5 Commerce Commission v Visy Board Pty Ltd, above n 4, at [147].
6 ISP Consulting Engineers Ltd v Body Corporate 89408, above n 3, at [22].
[11] In response, Farrys submit that, rather than introducing a new cause of action, the differences between the original statement of claim and the amended statement of claim are properly categorised as matters of particularisation.
Statutory authority in support of the claim
[12] The intitulement of the claim has changed from being “in the matter of an application pursuant to the Declaratory Judgments Act 1908” to a claim “in the matter of the Unit Titles Act 2010”. However, the Unit Titles Act remains the source of the obligation to provide pre-settlement disclosure. As Farrys note, the way in which Ms Bryner pleads and relies on the Unit Titles Act remains materially the same.
Further facts alleged
[13] The further facts alleged relate to the settlement of the claim against Ms Bryner. As Farrys submit, those facts are properly characterised as particulars of the loss claimed in the original statement of claim. It included allegations that subsequent to cancellation of the contract by the plaintiffs, appraisals of the property established that any resale would be at a loss, and alleged that Farrys would be liable for the loss of the bargain. The prayer for relief included loss of bargain as a separate head of damage.
Original claim primarily related to return of plaintiffs’ deposit
[14] Ms Bryner submitted that she initially sought contribution but she now seeks damages. Therefore liability now depends only on establishing the legal elements of negligence as opposed to having to establish negligence and a right of contribution. This is said to be seeking to derive a different legal consequence from the facts.
[15] However, loss of the bargain on the sale was pleaded in the original statement of claim, together with a prayer for relief in respect of that loss. There is no substantive difference between that and the amended statement of claim.
More explicit pleadings
[16] Ms Bryner submitted that “the amended claim more explicitly pleaded the nature of Farrys’ duty of care, breach of duty, and causation of loss”. Again, this is a matter of provision of particulars, and cannot result in the introduction of a new cause of action.
Quantum of loss
[17] Counsel for Ms Bryner also suggested that the quantum of loss is different.

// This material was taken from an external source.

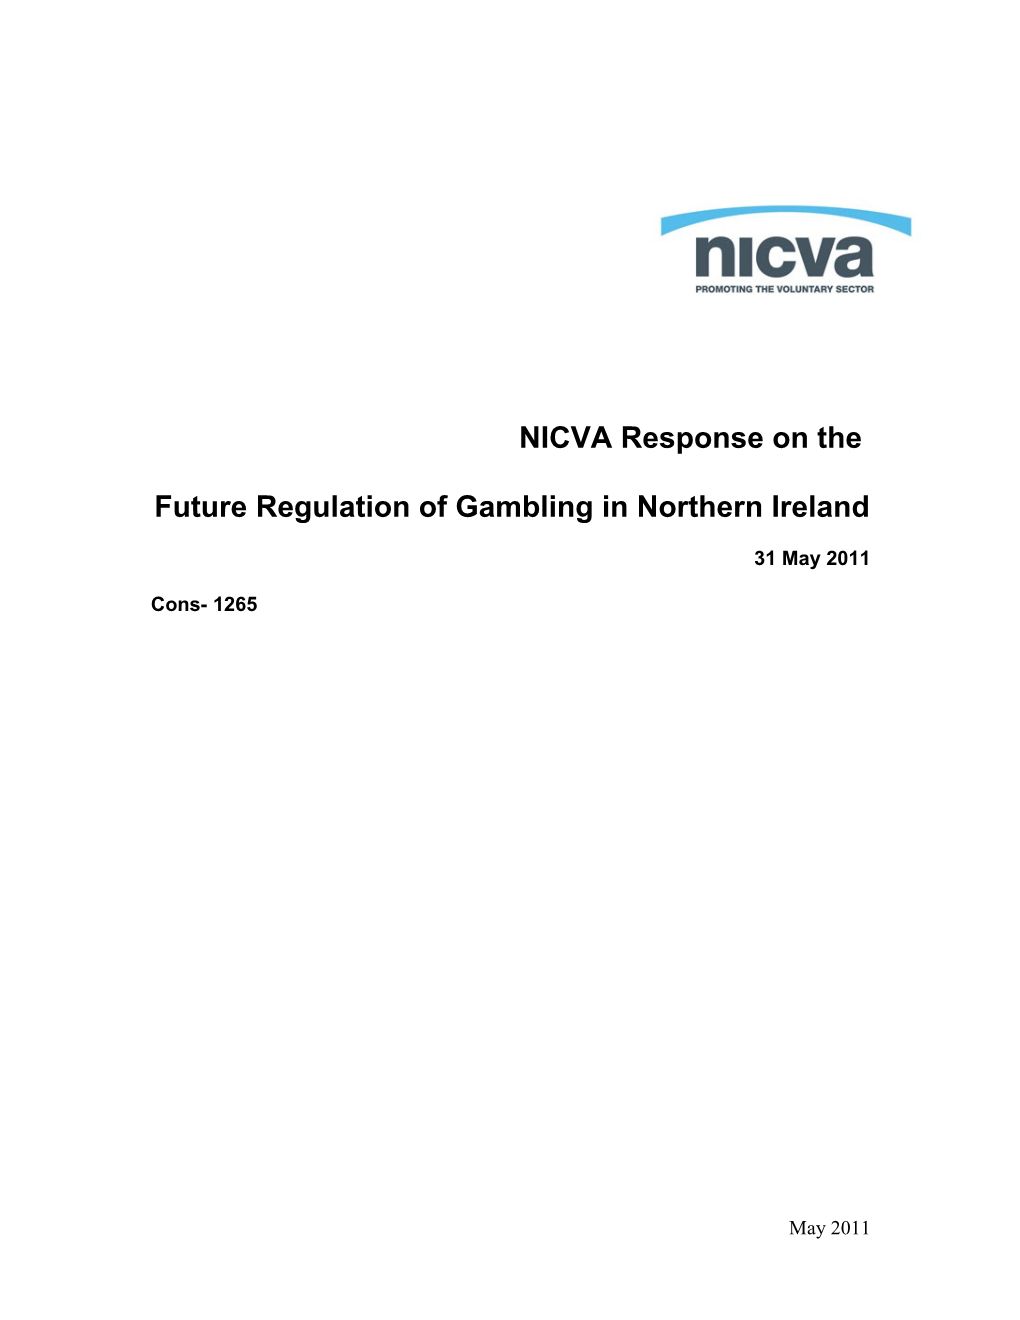 Future Regulation of Gambling in Northern Ireland

Again, this is no more than further particulars being given. In the original statement of claim, Ms Bryner sought repayment of the deposit and loss of bargain. She essentially claims the same relief in the amended statement of claim, just taking into account the difference in the liability for the deposit due to the settlement she reached with the plaintiffs.
[18] There are numerous authorities which demonstrate that the analysis of whether a new cause of action has been introduced is not amenable to any bright line test. I am satisfied in the circumstances of this case that no new cause of action has been introduced.

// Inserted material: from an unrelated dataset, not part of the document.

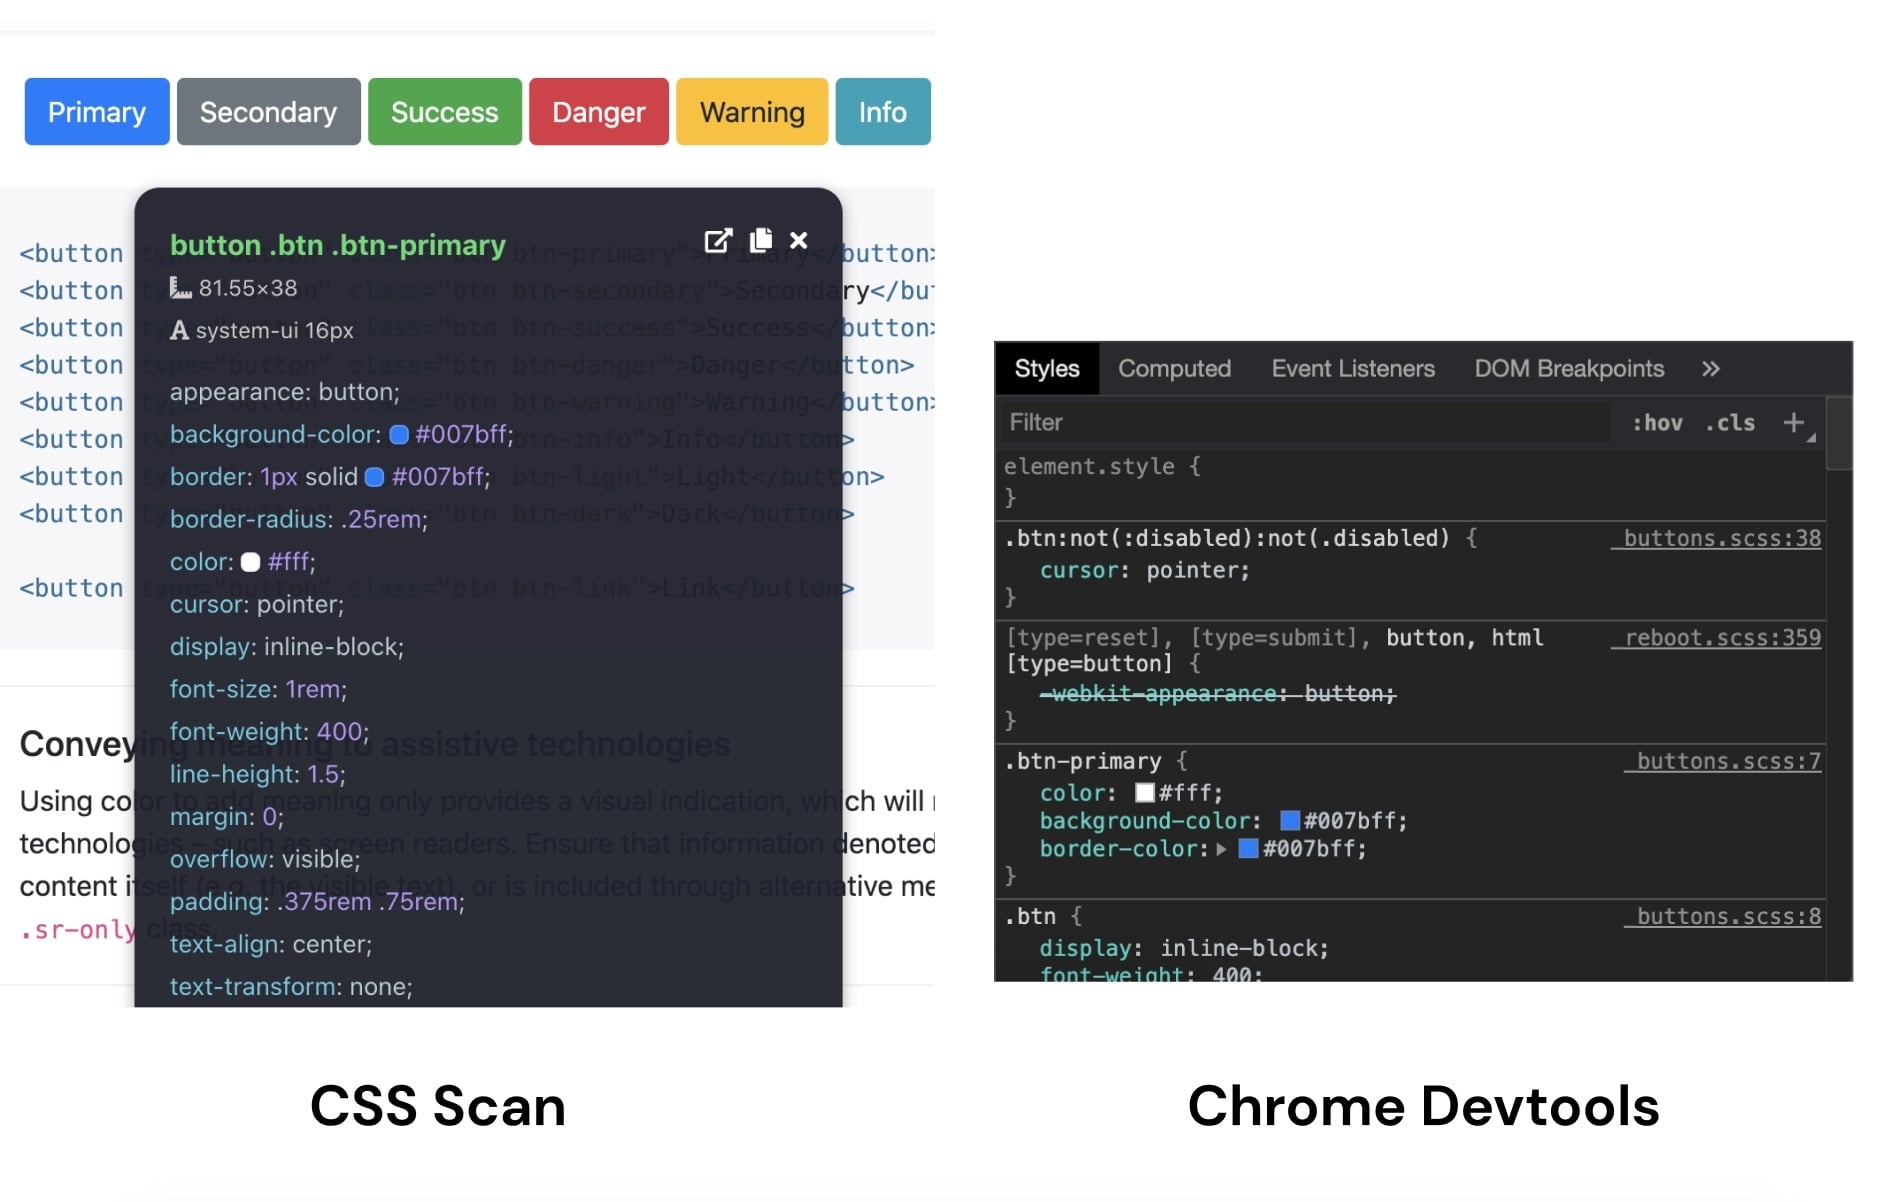 Side by side comparison - CSS Scan vs Chrome Devtools

The requirements of r 7.77(4)
[19] However, if I am wrong in that view, then I uphold Farrys’ alternative proposition that if the amended statement of claim does introduce a new cause of action, then it arises by virtue of the circumstances in which the settlement of the plaintiffs’ claim occurred. In that event, it would be a cause of action that arose since the filing of the original statement of claim and Ms Bryner could only file the amended statement of claim with leave under r 7.77(4).
[20] There is a symmetry in that requirement in that the application for leave, necessarily served on Farrys, would have put Farrys on notice of Ms Bryner’s assessment that the amended statement of claim did introduce a new cause of action. That would trigger an awareness by Farrys that they would be obliged, in terms of the rules, to file a statement of defence to the amended claim.
[21] Accordingly, on either issue, Ms Bryner was not entitled to seek judgment by formal proof in the absence of a statement of defence to the amended statement of claim.
[22] Clearly, Ms Bryner is entitled to have her claim progressed promptly. In formal terms, I grant leave under r 7.77(4) for the filing of the amended statement of claim (on the premise that Ms Bryner characterises it as containing a new cause of action notwithstanding my view to the contrary). I also grant leave for Farrys to file the amended statement of defence that Mr Jaques presented at the hearing before me.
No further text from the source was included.